FYI, AST is for ‘Abstract Syntax Tree’


So, the point is, we need something who really understand the source code to read the code first, then process it to general lexical structures for the matching part to output the final result.

Fortunately, Rubocop is an open-source project which has done splendid work on static analyzing of Ruby. And it provides an extensive interface for users to create their own lexical matching rules.

The core of AST matching in Rubocop is ‘node pattern’. User can write a expected AST pattern and let Rubocop to find all matching patterns and output the location of the corresponding source code.

For example, to match a ‘dangerous (probably)’ call of eval, I can define a pattern like:

(send {nil? (const nil? :Kernel} :eval (!str ...))

pattern like this will match every direct call of eval or Kernel.eval where the argument is NOT a static string.

The output would be like

$ rubocop -r ./cops/tainted_eval.rb --only Custom test/test_tainted_eval.rb
Inspecting 1 file


test/test_tainted_eval.rb:5:1: C: Custom/TaintedEval: Found eval with tainted input
Kernel.eval var
test/test_tainted_eval.rb:6:1: C: Custom/TaintedEval: Found eval with tainted input
eval var
test/test_tainted_eval.rb:7:1: C: Custom/TaintedEval: Found eval with tainted input
eval "test#{var}"
test/test_tainted_eval.rb:8:1: C: Custom/TaintedEval: Found eval with tainted input
eval \ ...

1 file inspected, 4 offenses detected

where the file I used for test is:

# test/test_tainted_eval.rb
# safe
eval 'string_literal'

# vul
Kernel.eval var
eval var
eval "test#{var}"
eval \
  'result=' + @var

It successfully filters out the safe eval with a string literal and tells me that the left calls are probably dangerous with where they are.

Of course, the example above is just a trivial example while many causes are not considered.
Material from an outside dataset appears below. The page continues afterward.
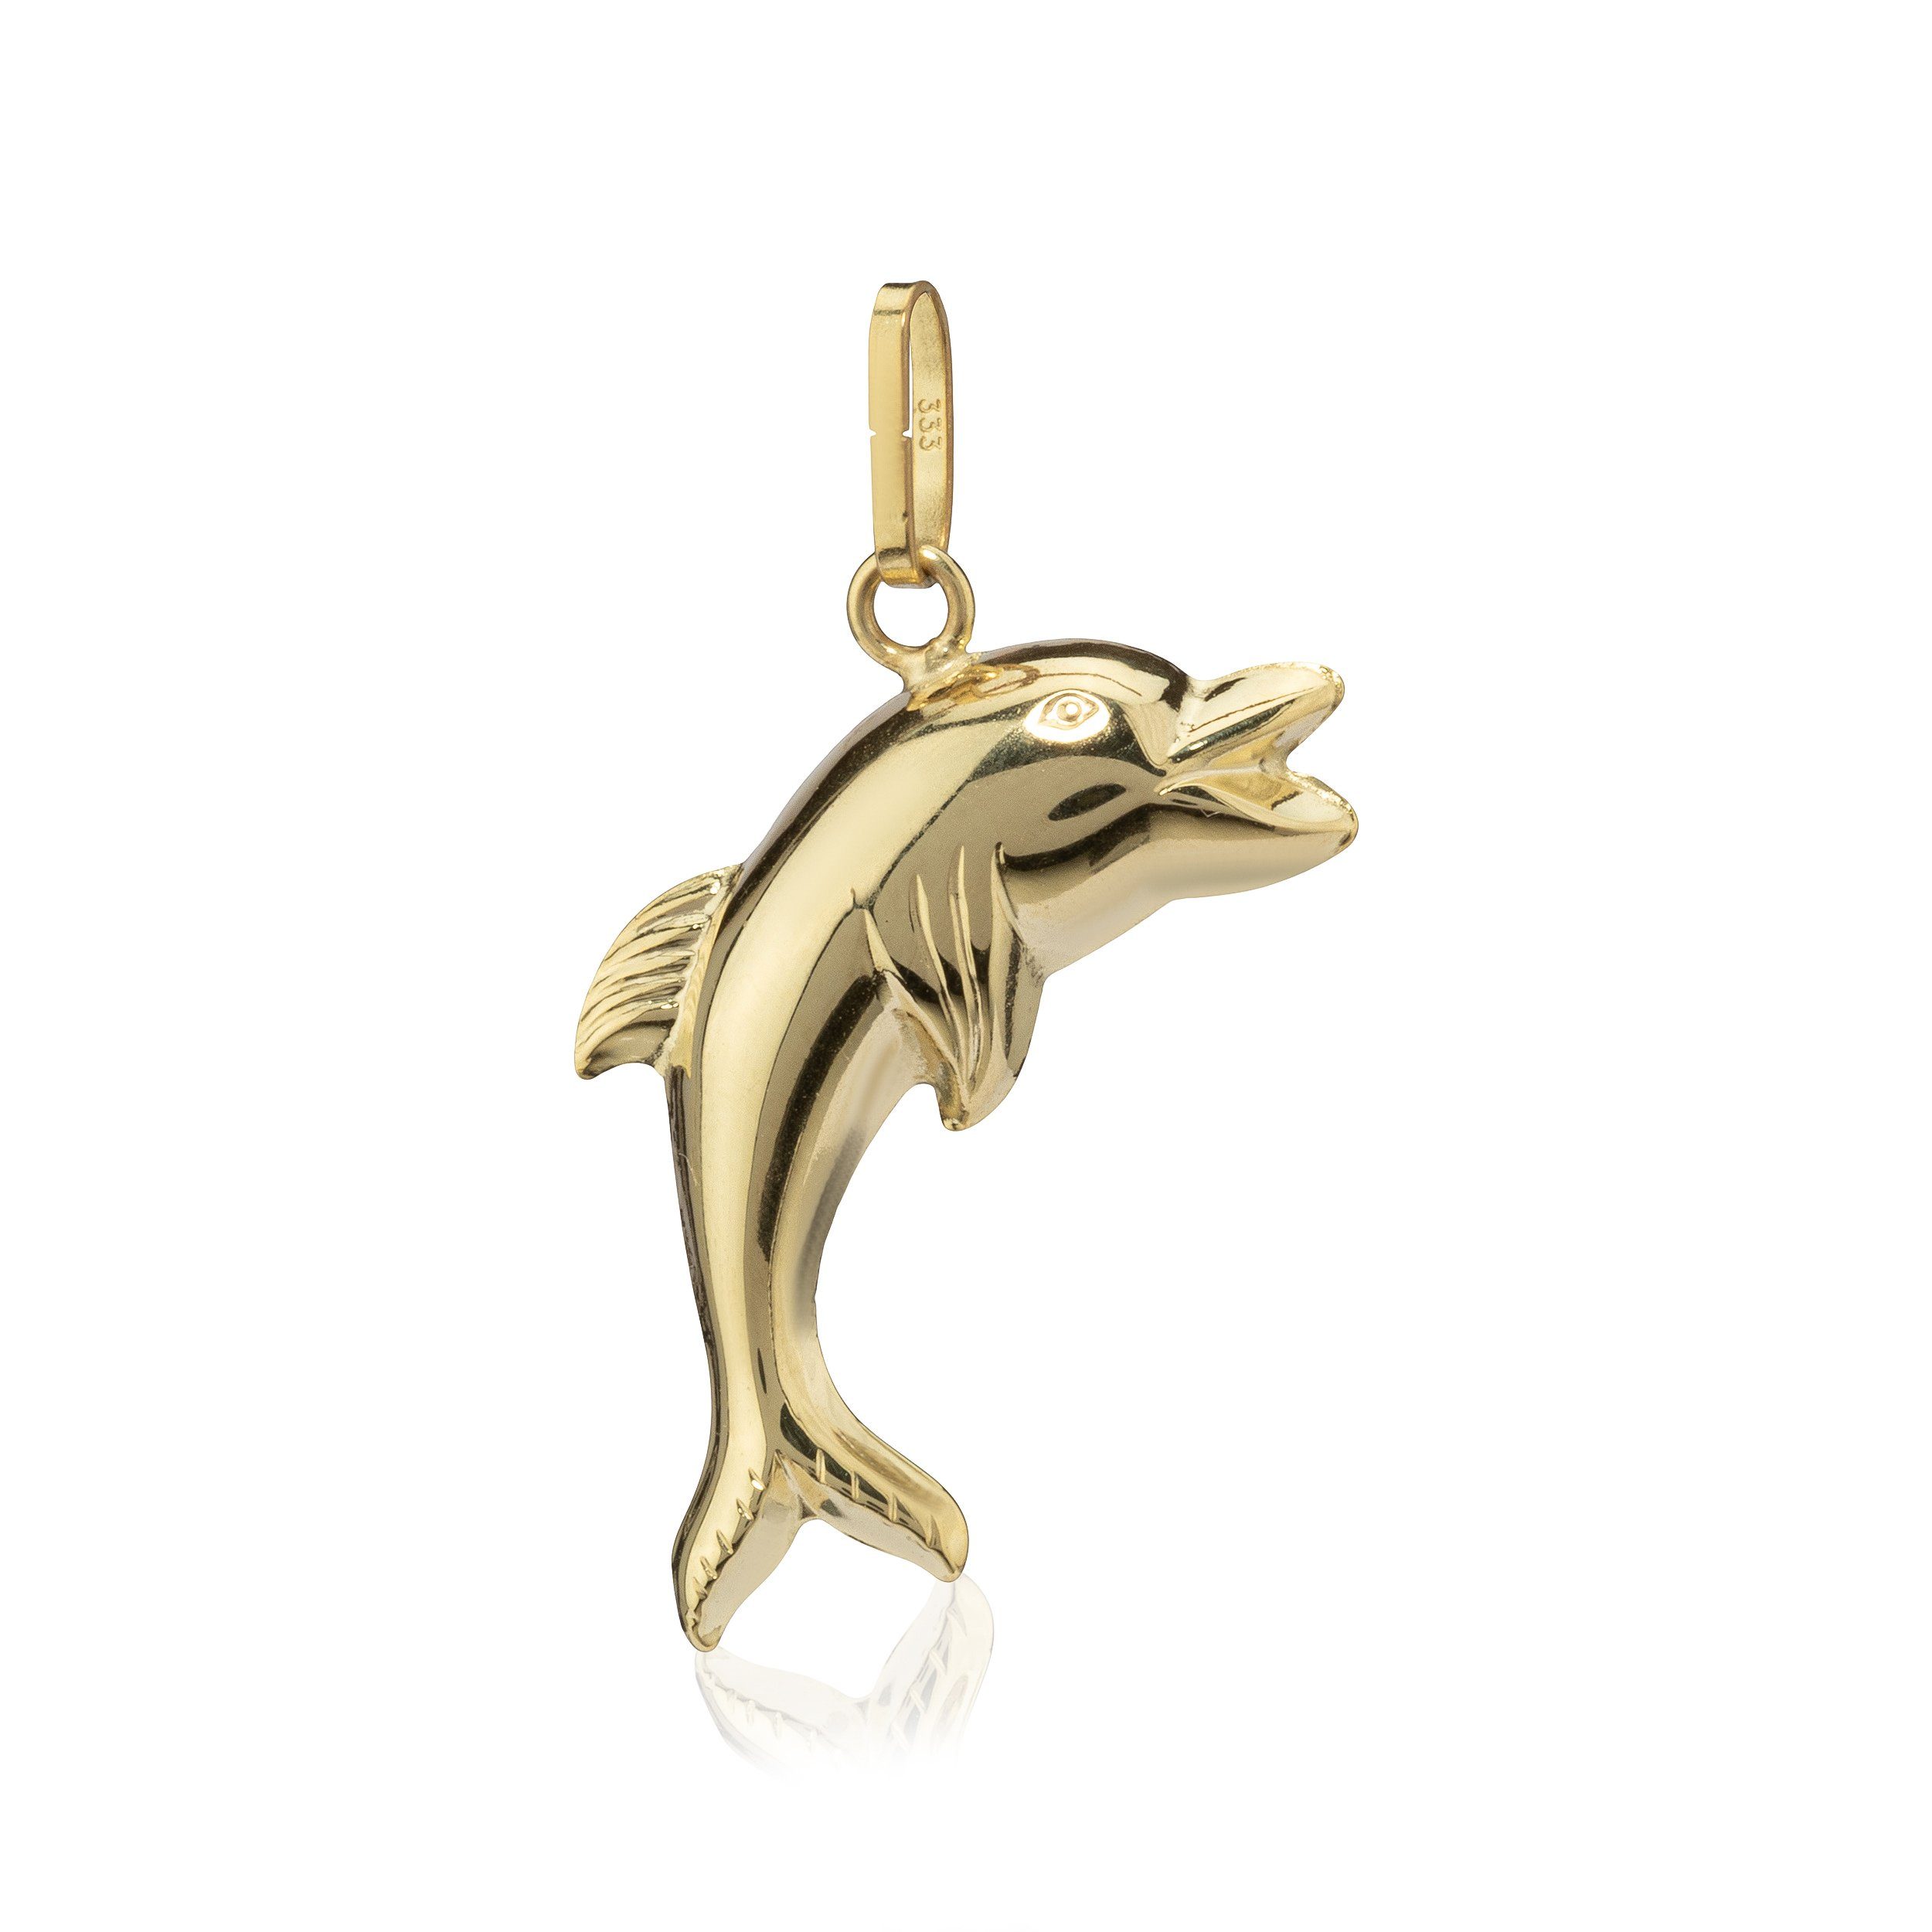 Beidseitig Delfin K 8 NKlaus Gelb Gold Kettenanhänger 333 Kettenanhänger

But what I want to express here is that with the static analysis approach, we can save a lot of time in code auditing by defining some well-designed patterns, without losing too many valuable parts and receiving also too many noises like we used to do with a string matching tool.

In the next part of this series, I’m going to show some examples about how Rubocop with custom cops was used during my latest code auditing trip. And It helped me to finally identified a remote code execution bug in Gitlab(CVE-2018-18649).